SPEAKER_02Um Yes, sir. Does it get into what it means today? Not what it meant back then?
SPEAKER_01Uh no, it sticks with just the New Testament and what it was like basically his argument against the replacement theology thing is uh they still made uh distinctions between Jews who believed and Jews who don't believe, so therefore they were still considered Jews. The church hadn't replaced them. That's like where all that's going. So I think I exited out, didn't I? Crap.
SPEAKER_02It's like the it's like there's always like this there's always like this this binary within it. It's like a cop out. I don't know, it's it's crazy.
SPEAKER_01Why is a binary a cop out?
SPEAKER_02Because you can pick pick either side based on who you're talking to to appease it.
SPEAKER_01Yeah, but what if you have a legitimate opinion though? Does that make it a cop out, or is it like fair if the opinion is real?
SPEAKER_02I mean you can have a real opinion, but it's like it can be used as a cop-out.
SPEAKER_01Yeah, I mean it can be, but I mean anything can be, so I I don't I don't guess I don't have an issue with there being such a thing as Jews.
SPEAKER_02Identify, identify, like I'll identify as white, you know, like yeah, we have methods, we have, but I'm not gonna be like, oh well, I'm I'm this kind of white person, not that kind of like white person. You know, it's like no just identify as what you are if that's what you want to do.
SPEAKER_01I think I understand what you're saying. So like your aggravation is just the willingness for people to take like an identity at all. Like I I mean I'm not being derogatory, I think.
SPEAKER_02Yeah, I yeah, like like just stand in your boots, man.
SPEAKER_01Like I understand what you're saying. Um, you know, I'm Scottish, but I hate golf. I mean, you know. So I mean I don't only a true Scotsman. Yeah, yeah. You know, I I wouldn't be caught dead in a kilt. I wouldn't subject humanity to me in a kilt. So um no, I understand what you're saying. Uh I like the way the founders, you know, viewed America. You know, we're a people with a creed. You know, what gives us our inherent value is the fact that we have a creed. All men are created equal, endowed with certain inalienable rights. So our den our identity was our creed, as it were, not our blood or some superficial thing that we had nothing to do with. You know, I like that. Um I think the Jews are kind of in a unique place because their culture was uh used to basically isolate them from the rest of the world to protect the bloodline of the Messiah. I think they had a very specific role in history. I think they're in a kind of a unique cultural situation. But I understand what you're saying, and I would certainly apply that for myself. You know, I don't have any interest in being Cherokee or Scottish or German or anything like that. So Yeah.

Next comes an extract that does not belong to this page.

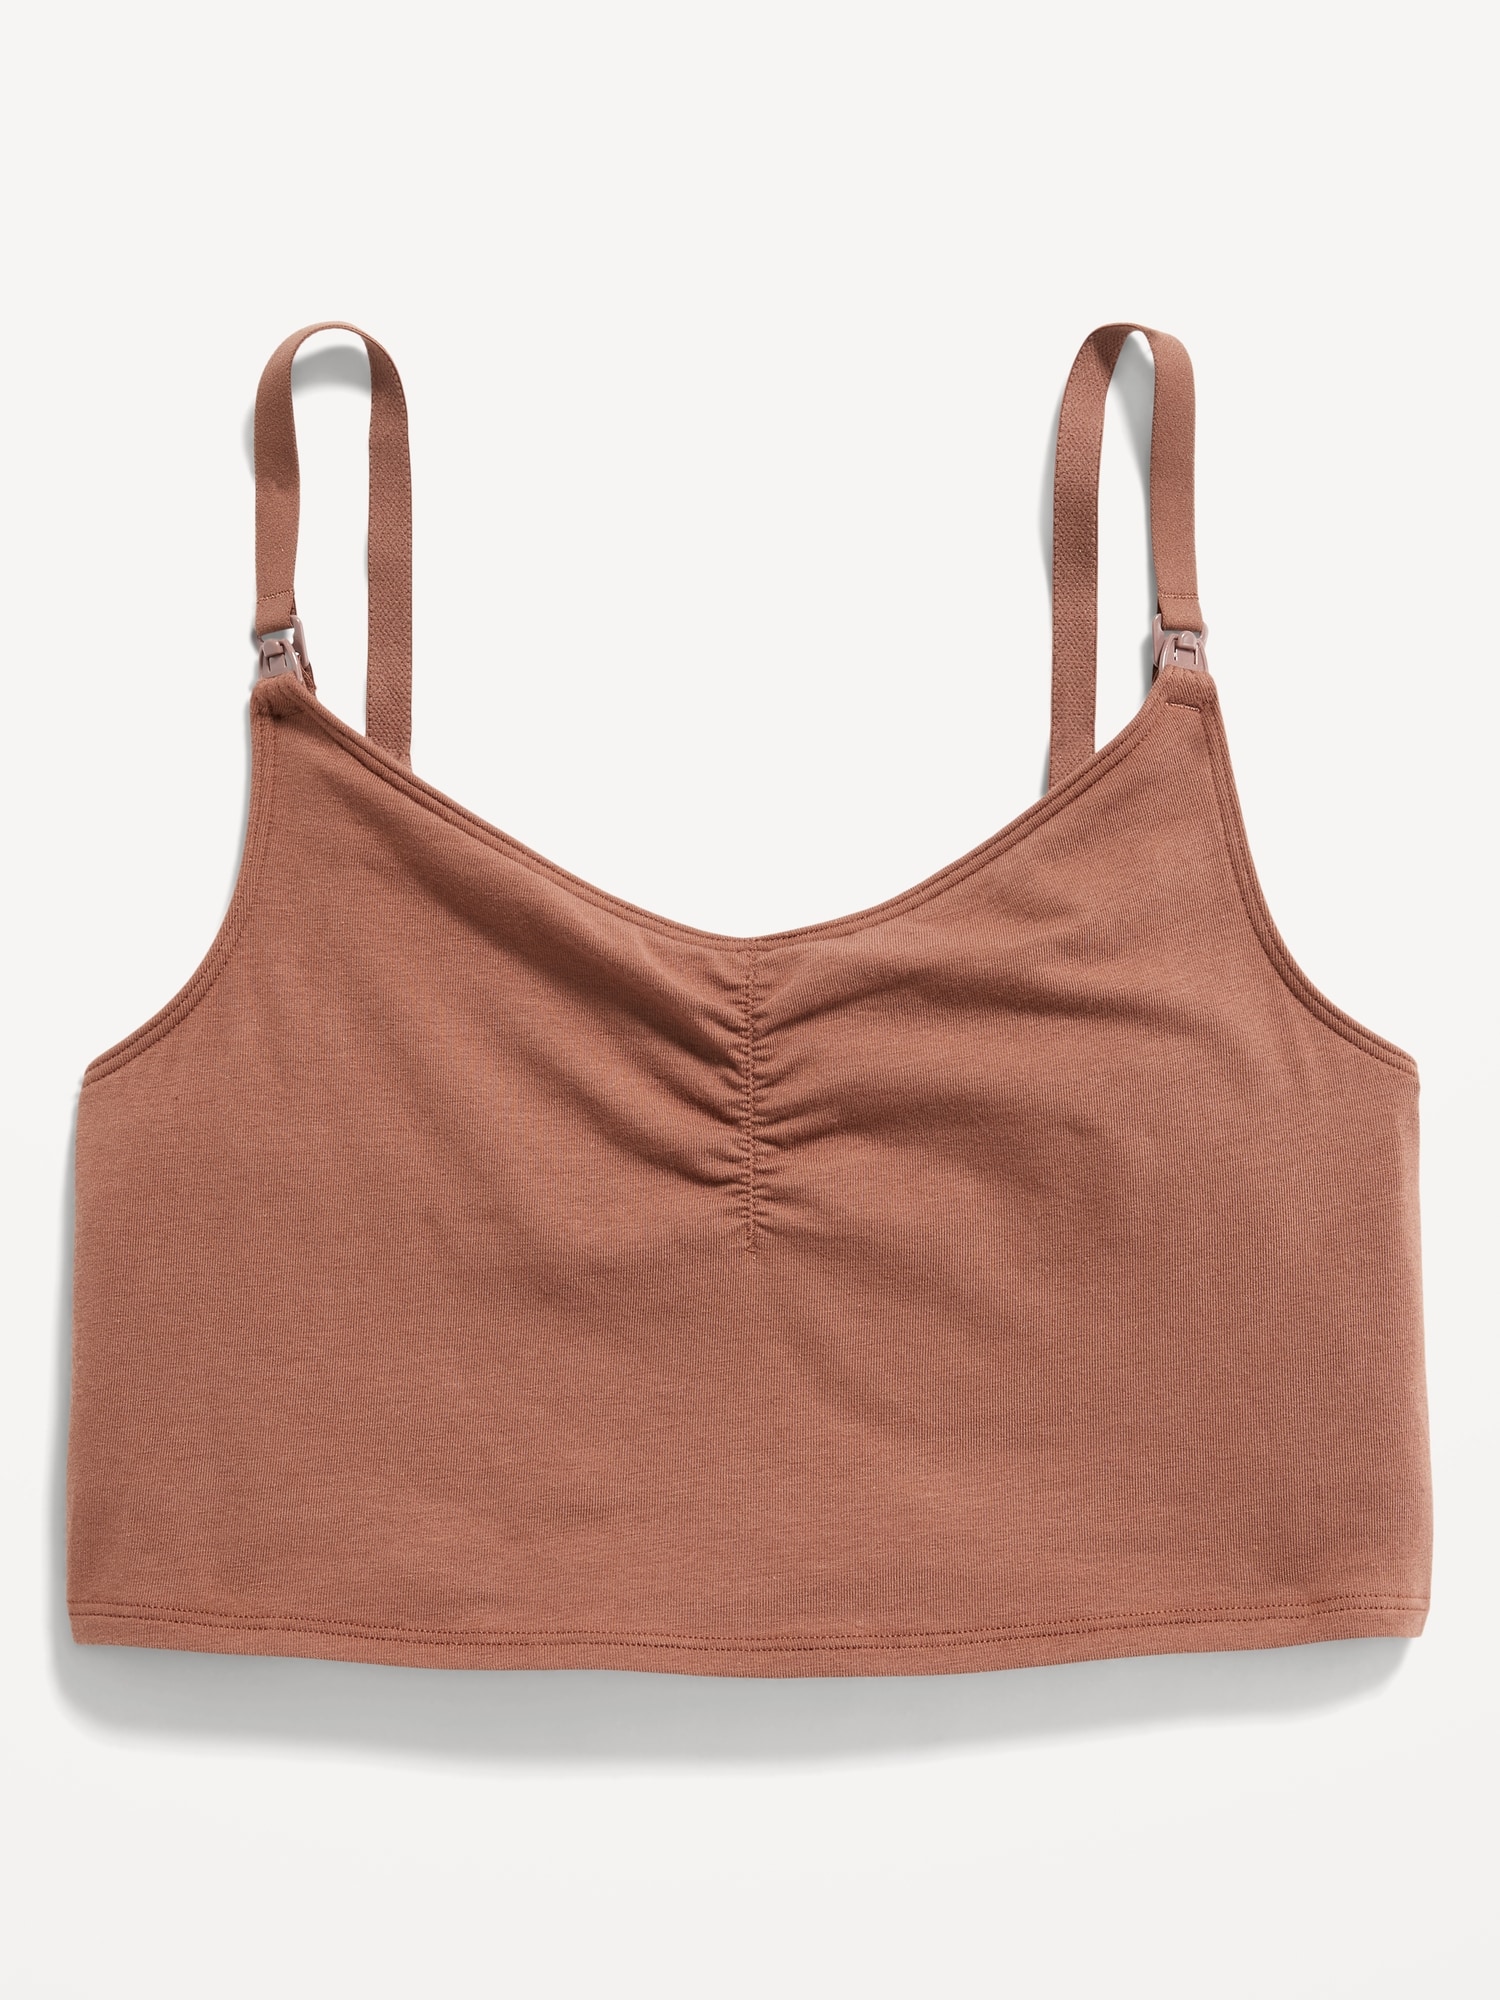 2 Pack Maternity Wirefree Crossover Crop Top - Kmart

SPEAKER_02Um, so I don't know. Um I I've started uh I think I'm gonna call them Sadducees. If we're talking about the modern day Jews, then I'm calling them Sadducees because they don't believe in the Bible it says they don't believe in resurrection.
SPEAKER_01I think it's fair.
SPEAKER_02Yeah, I don't think they believe that that will be my distinctive uh label for that. Because the the term the term Jew in my opinion is just so watered down. Like it can mean literally anything now. And anybody can say they are that. Because you could be a grafted in Jew, or you could be a Ashkenazi, you got the Sephardic, you got the Messianic, you got there's so many different kinds. Like it's just a watered-down term. So if we're if we're talking about, you know, the Sadducees to me.

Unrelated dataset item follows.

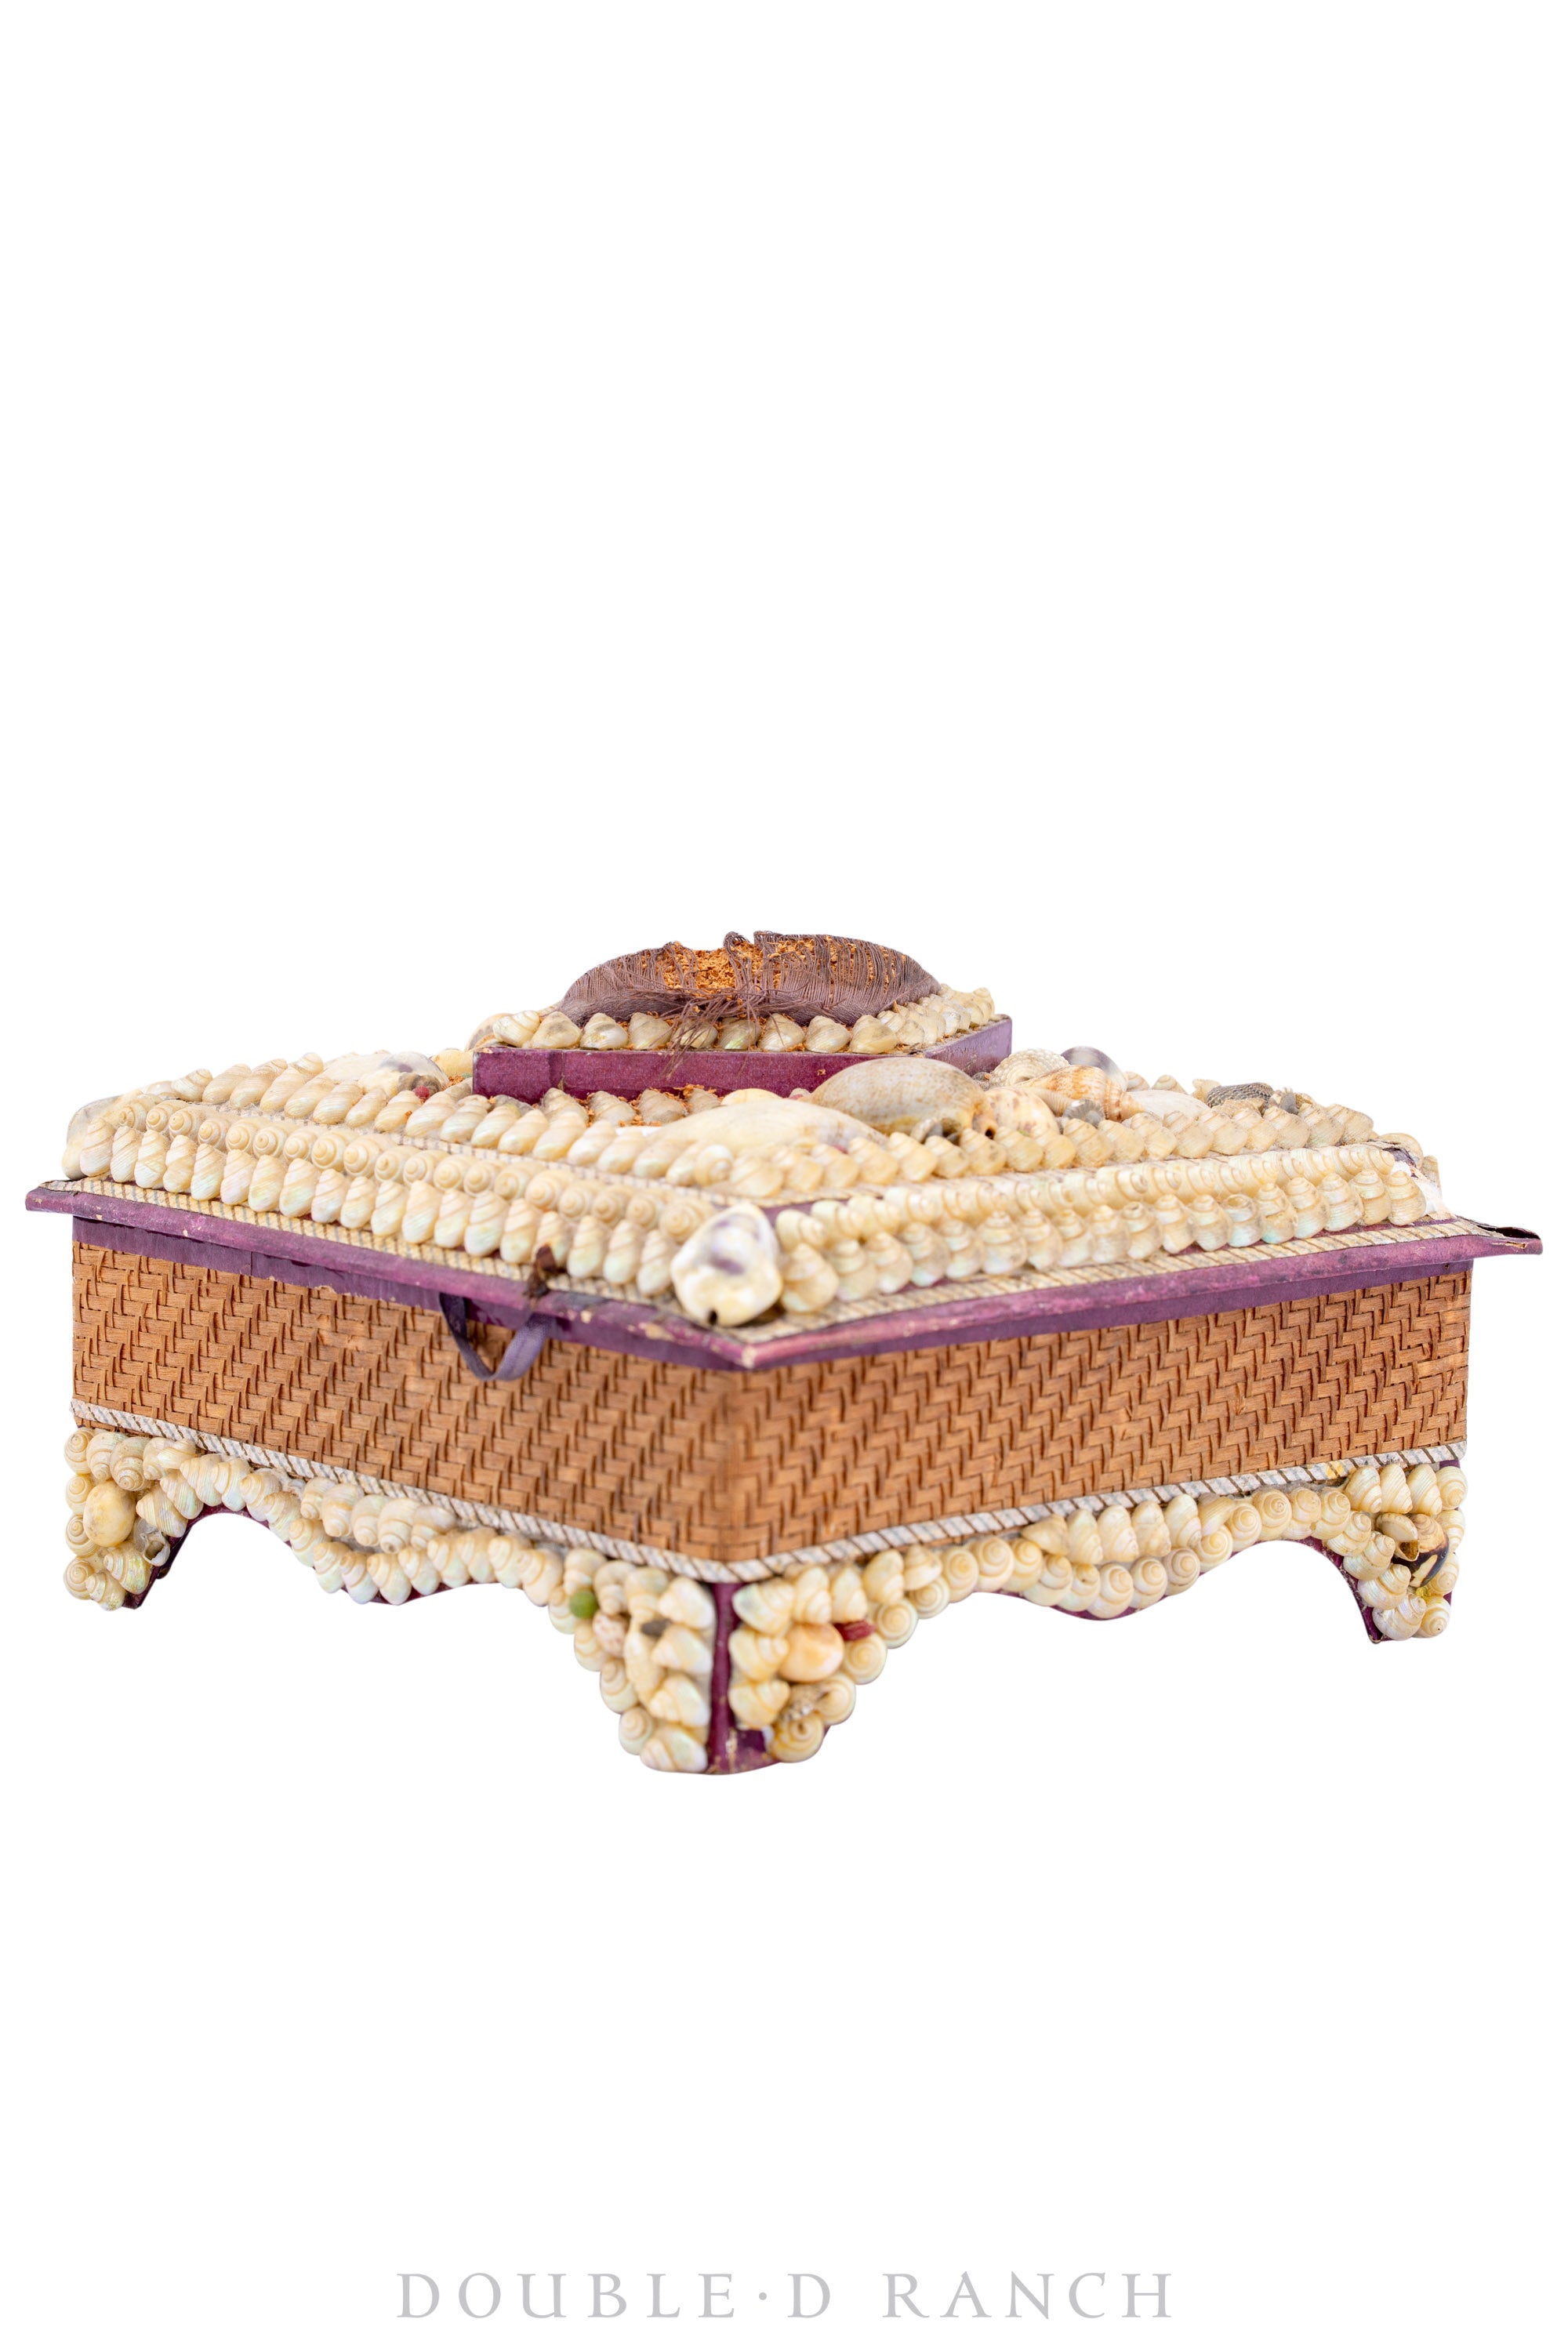 Miscellaneous, Encrusted Shell Box, Vintage, 495

SPEAKER_01I think you're right in a certain respect. Like, there's certainly like Christian, like black the liberation theology, they pretend to be the new Jewish people, like there's churches that pretend to be Jewish.
SPEAKER_02Yeah, Elvis believed in the uh black Israelites.
SPEAKER_01Elvis?
SPEAKER_02Yeah, why? I don't know. I think Johnny Cash might have too.
SPEAKER_01That's very strange. It seems like you'd be starting out out of luck. So a little too little me too too little melanin to you know enter those ranks, but okay. So anyway. Well, Trevor, you've been awfully quiet. What do you think?
SPEAKER_03I don't know. Ben Shapiro. There you go.
SPEAKER_02Did you say Ben Shapiro? What about Ben Shapiro? Don't make me angry, Trevor.
SPEAKER_01Oh, just you it's like it's like Mitch say Ben Shapiro three times fast, and we'll throw Cody into a rage.
SPEAKER_03No, but when I hear when I hear what is a Jew, I'm like, uh Ben Shapiro. There's a ticket.
SPEAKER_02Ben Shapiro.
SPEAKER_03That's that's all I got.
SPEAKER_02Yeah.
SPEAKER_01That's called a stereotype, you racist. No.
SPEAKER_02No, Ben Shapiro is a warmonger. He deserves every bit of sadesty.
SPEAKER_01I don't know if he's a warmonger. I don't know if I'm gonna go that far. But uh he does aggravate me as well on a variety of things, so but we won't dwell on that for now. Unless there's something else you're wanting to talk about.
SPEAKER_02No, sir. I'm good.
unknownOkay.
SPEAKER_02I have said my piece.
SPEAKER_01Yeah, I apologize for deleting or turning off the Mike Winger video halfway through. I didn't realize I'd done that. I'm having zero luck with this chat and getting it fixed. I don't know what the bloody problem is.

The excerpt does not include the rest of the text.